### TASK OBJECTIVE
Would you write out the full listing exactly, without any pictures?

### INFORMATION SHOWN
- - -
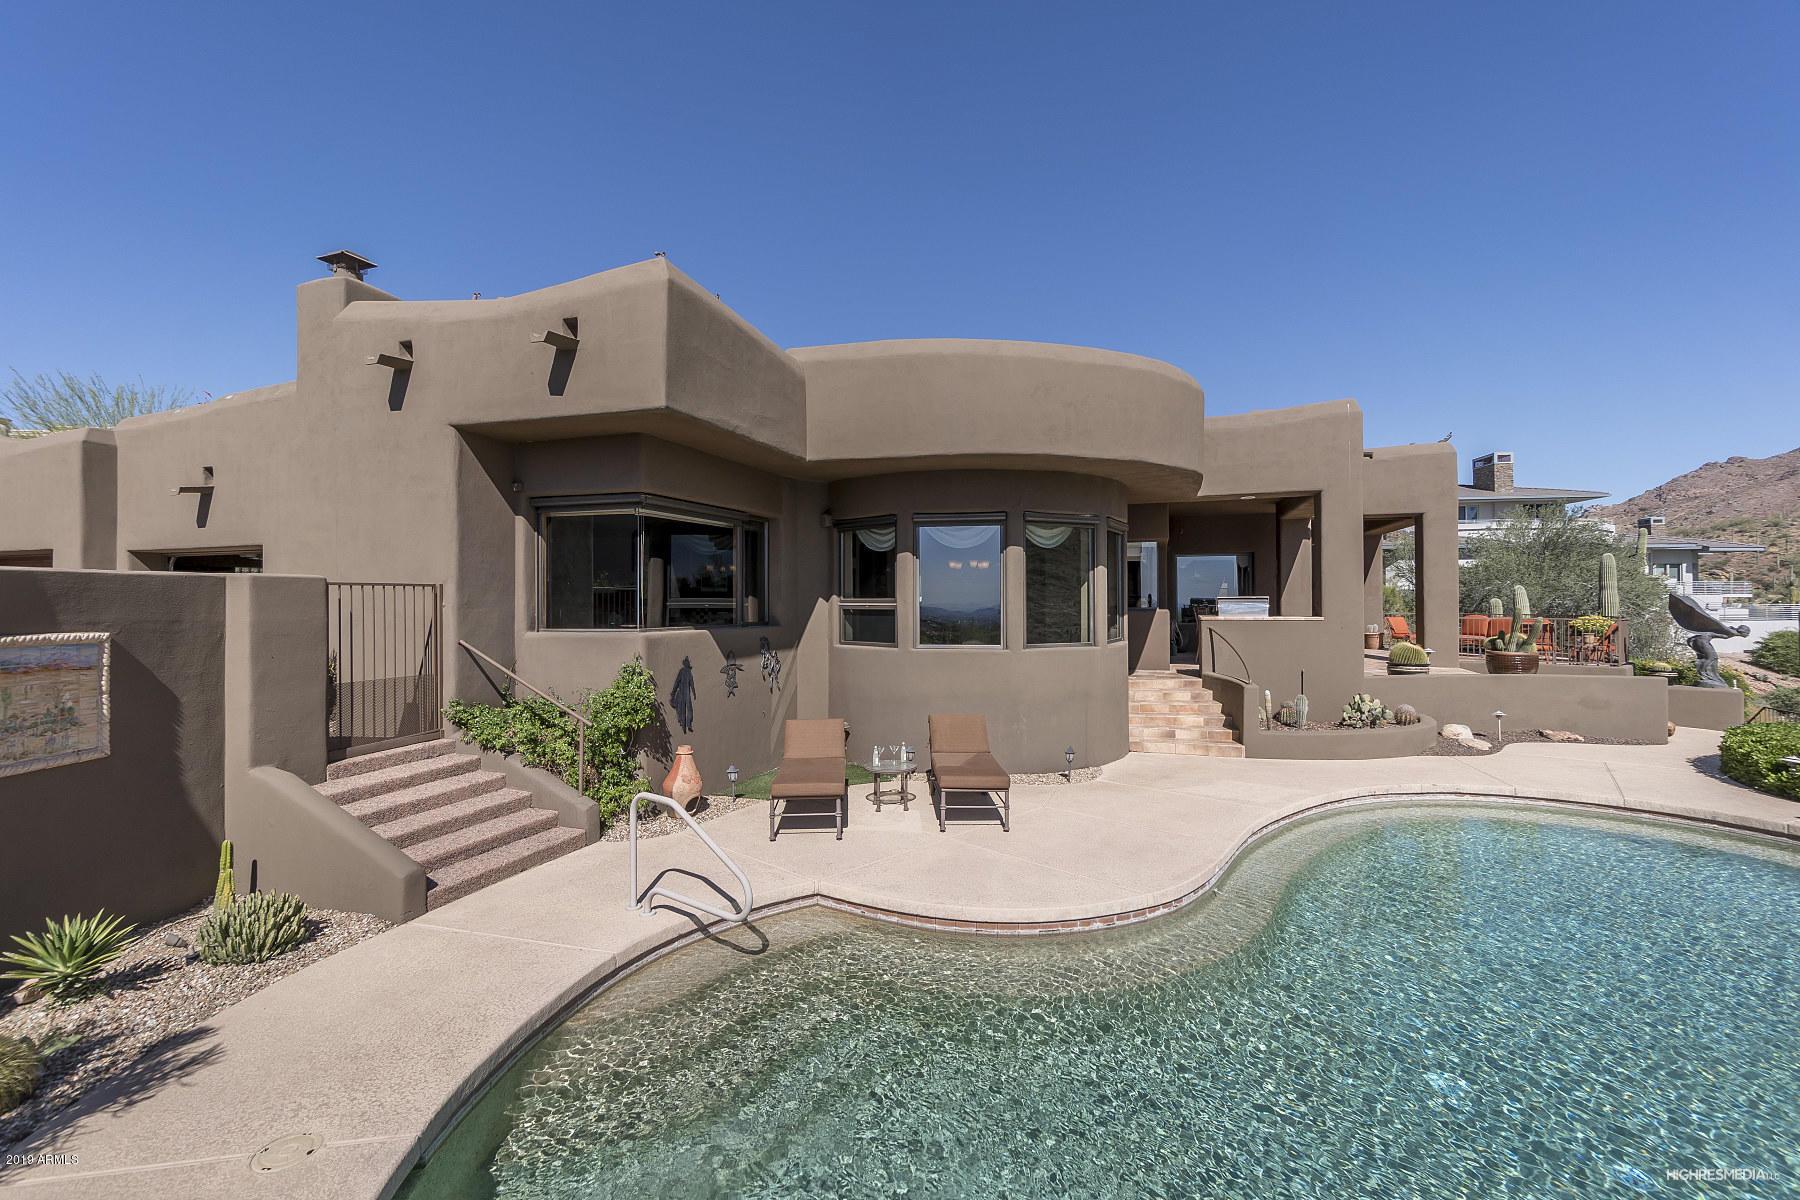 MLS 5916335 10801 E HAPPY VALLEY Road Unit 121, Scottsdale, AZ 85255 Scottsdale AZ Private Pool
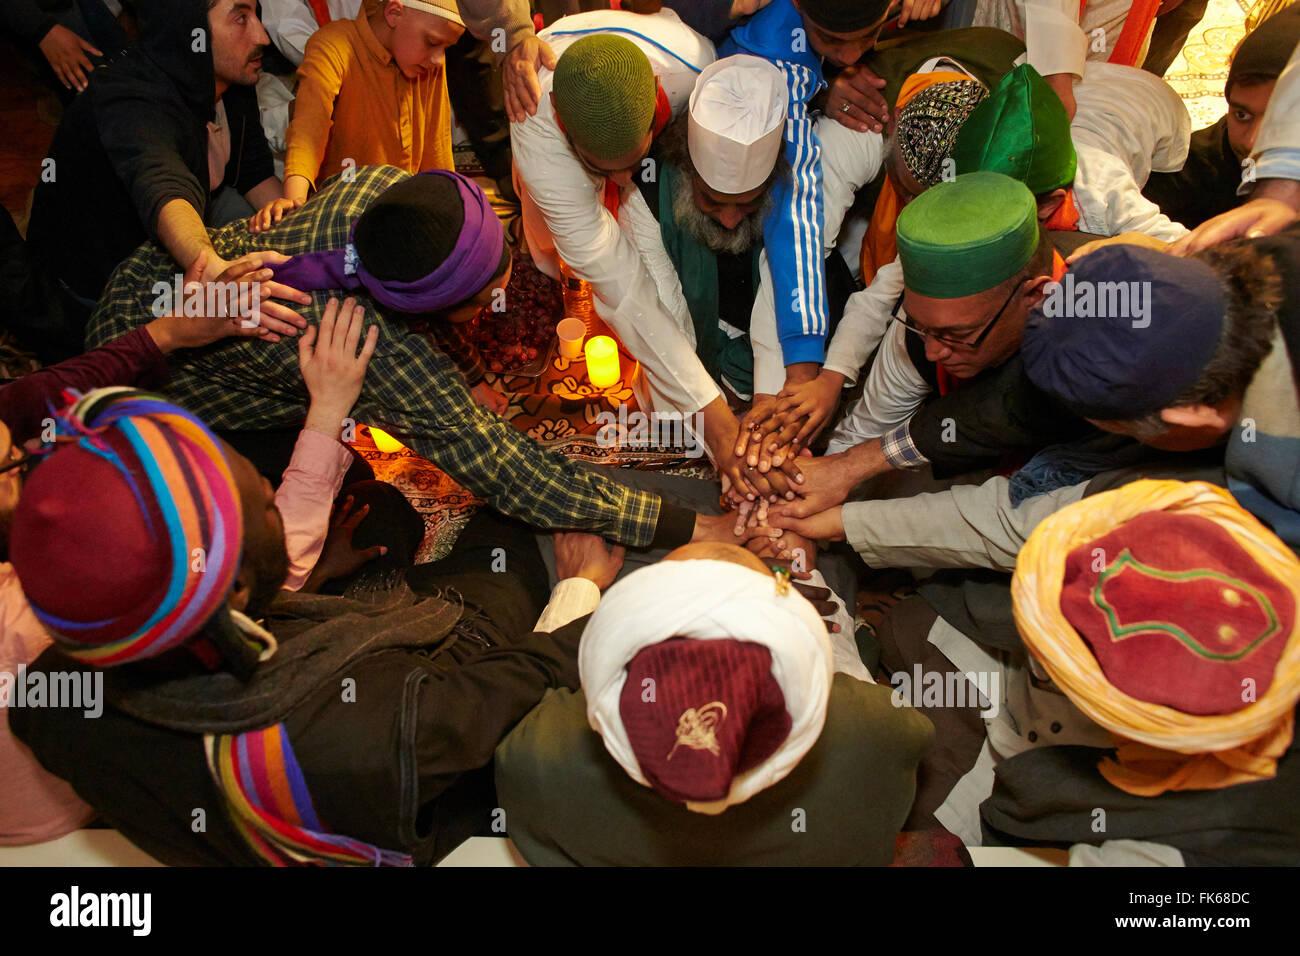 Naqshbandi Sufis joining hands, Paris, France, Europe - Stock Image
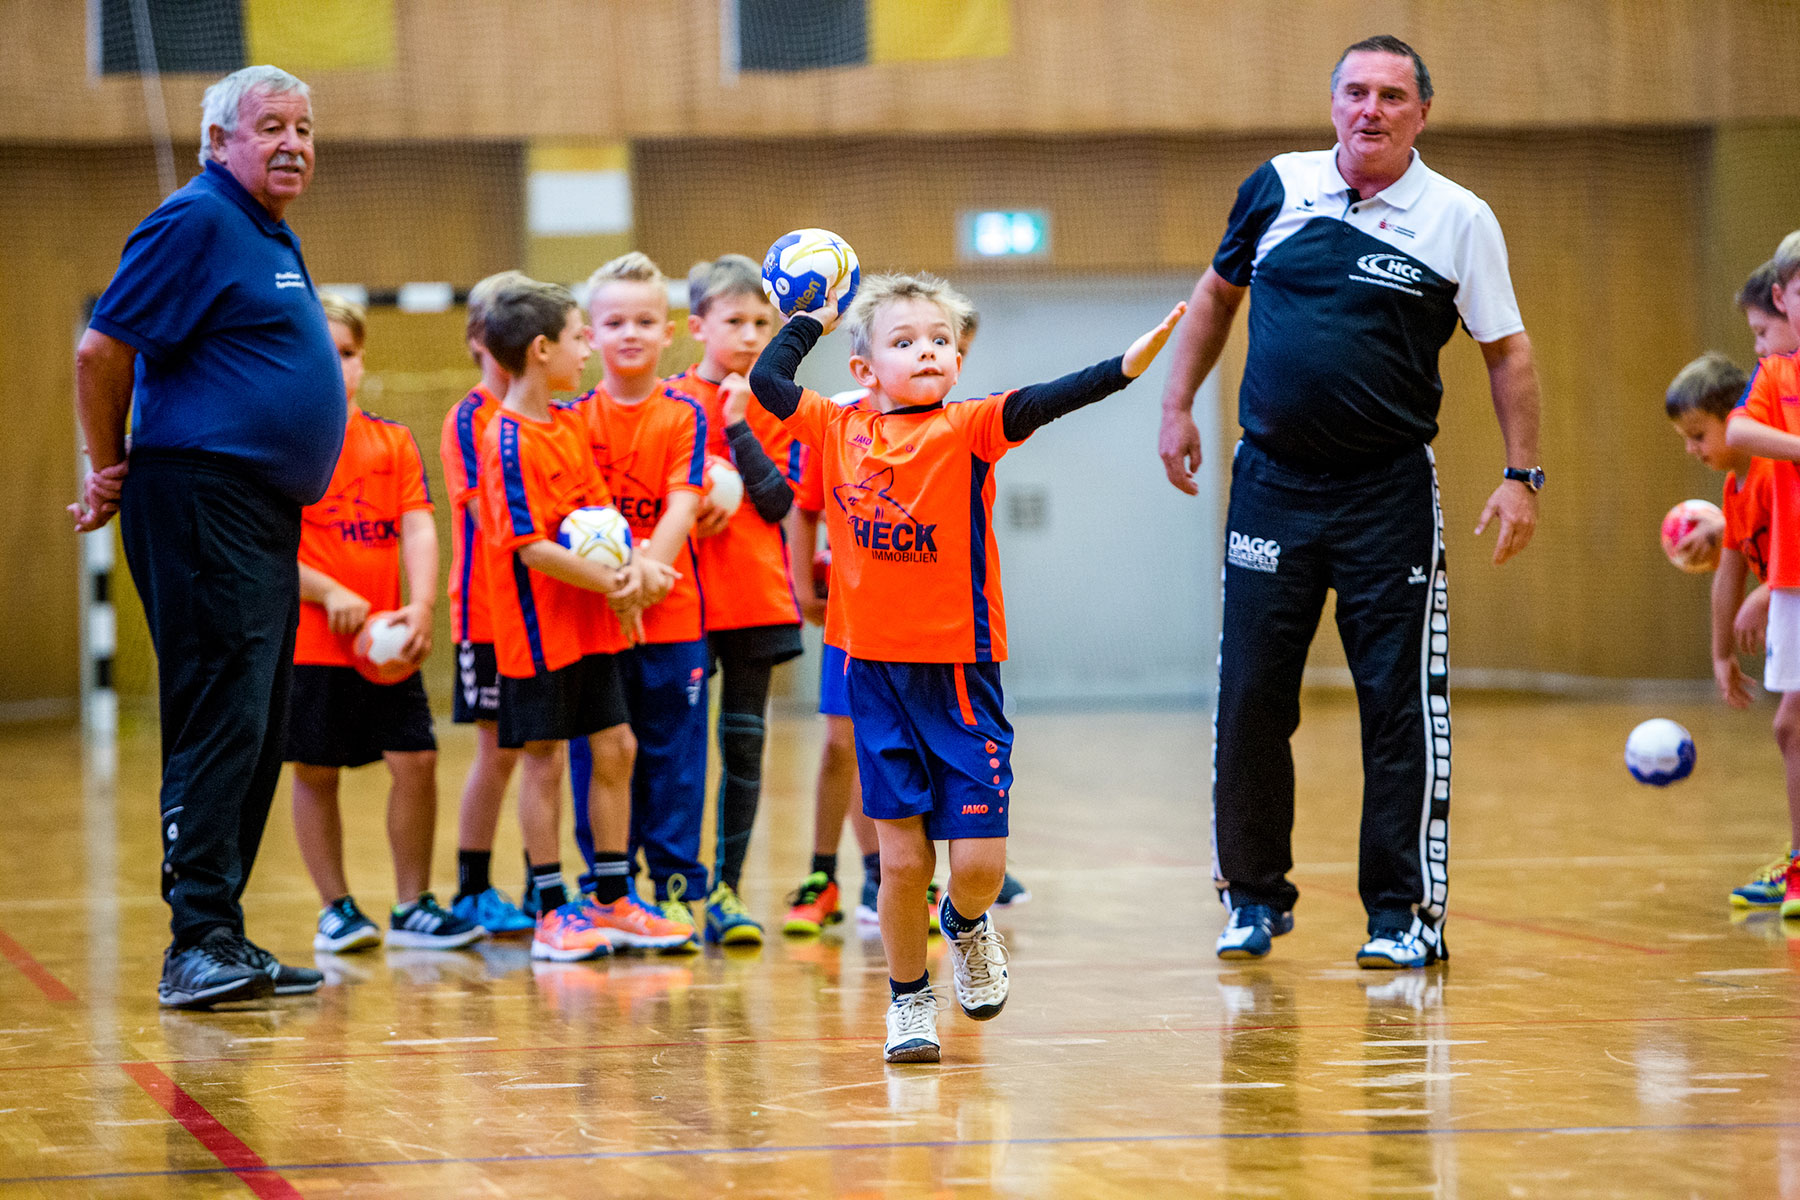 201809_Handballcamp_NDH (25)
- - -
### WRITTEN ANSWER
 MLS 5916335 10801 E HAPPY VALLEY Road Unit 121, Scottsdale, AZ 85255 Scottsdale AZ Private Pool
 Naqshbandi Sufis joining hands, Paris, France, Europe - Stock Image
 201809_Handballcamp_NDH (25)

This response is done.